Simpleview and the EU General Data Protection Regulation

Updated as progress continues. Simpleview is committed to data security, privacy and transparency. We have an in-house, cross-functional GDPR task force to oversee and manage the requirements of the GDPR and to implement changes to ensure that our company and our products are compliant with these new regulations. We’ve requested a thorough, third-party review of our business operations and GDPR obligations via TrustArc. In addition, our in-house team will address the effect across our partners and integrations, to help guide and work together on compliance.

We will provide updates on this webpage between now and the May 2018 deadline, communicating the steps we are taking to ensure that both our company and our products are compliant with the GDPR in advance of the deadline. Product updates to meet compliance will also be announced in the client portal.
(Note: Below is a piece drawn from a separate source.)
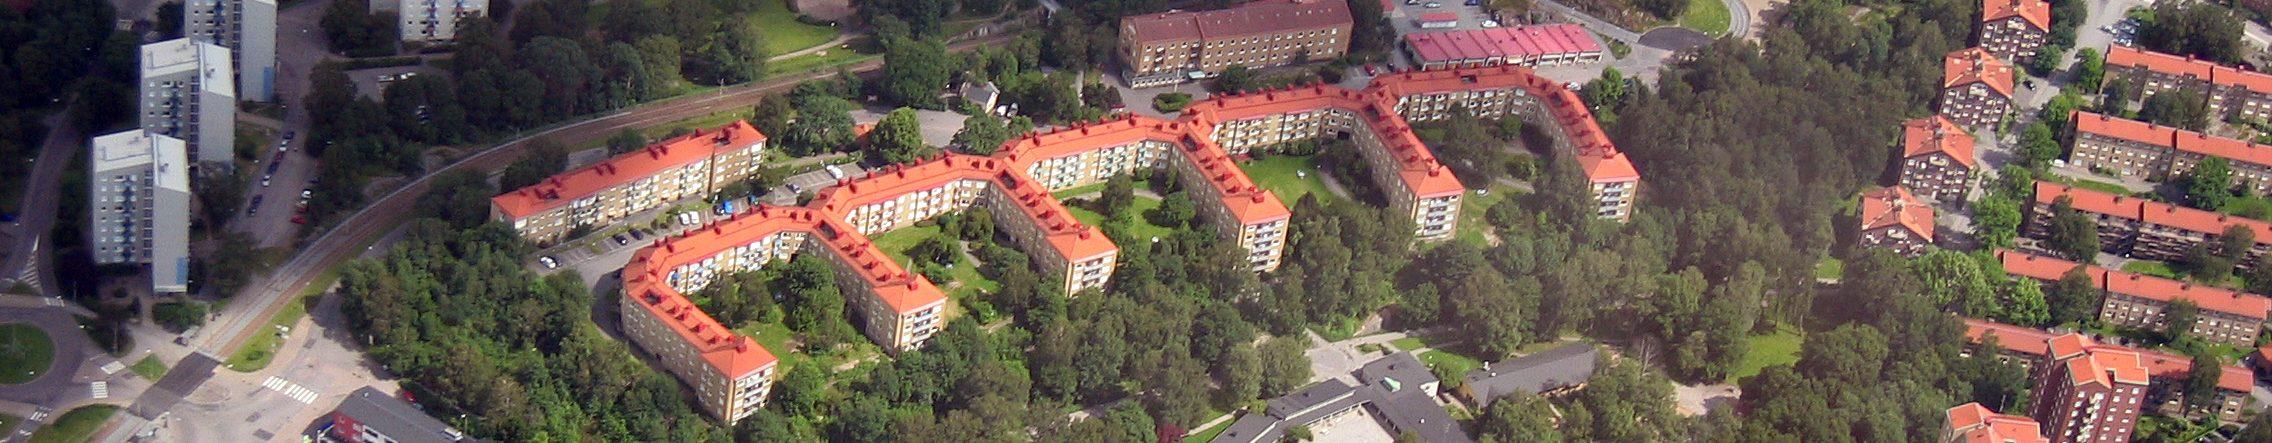 Brf Göteborgshus 14

We recognize that GDPR compliance is a shared responsibility between Simpleview, our clients, and our partners. Therefore, we’re happy to consult and provide guidance on compliance steps or information about partner compliance for our customers upon request.


Commitment to Data Protection

Simpleview has always been committed to data security, privacy, and transparency. You can view our current privacy notice here. We work with Edge Hosting for managed server and site hosting. Edge Hosting is EU-U.S. Privacy Shield Framework certified, which means we’ve been in compliance with EU privacy standards protecting data, matching the same standards as the European data centers. We’re also compliant with Canada’s Anti-Spam Laws and guide our partners to meet the same requirements. The GDPR adds new protections for the personal data of EU residents, and we will continue to honor our commitment to data privacy through achieving and maintaining compliance with this important law and encouraging our data partners to uphold the same responsibility.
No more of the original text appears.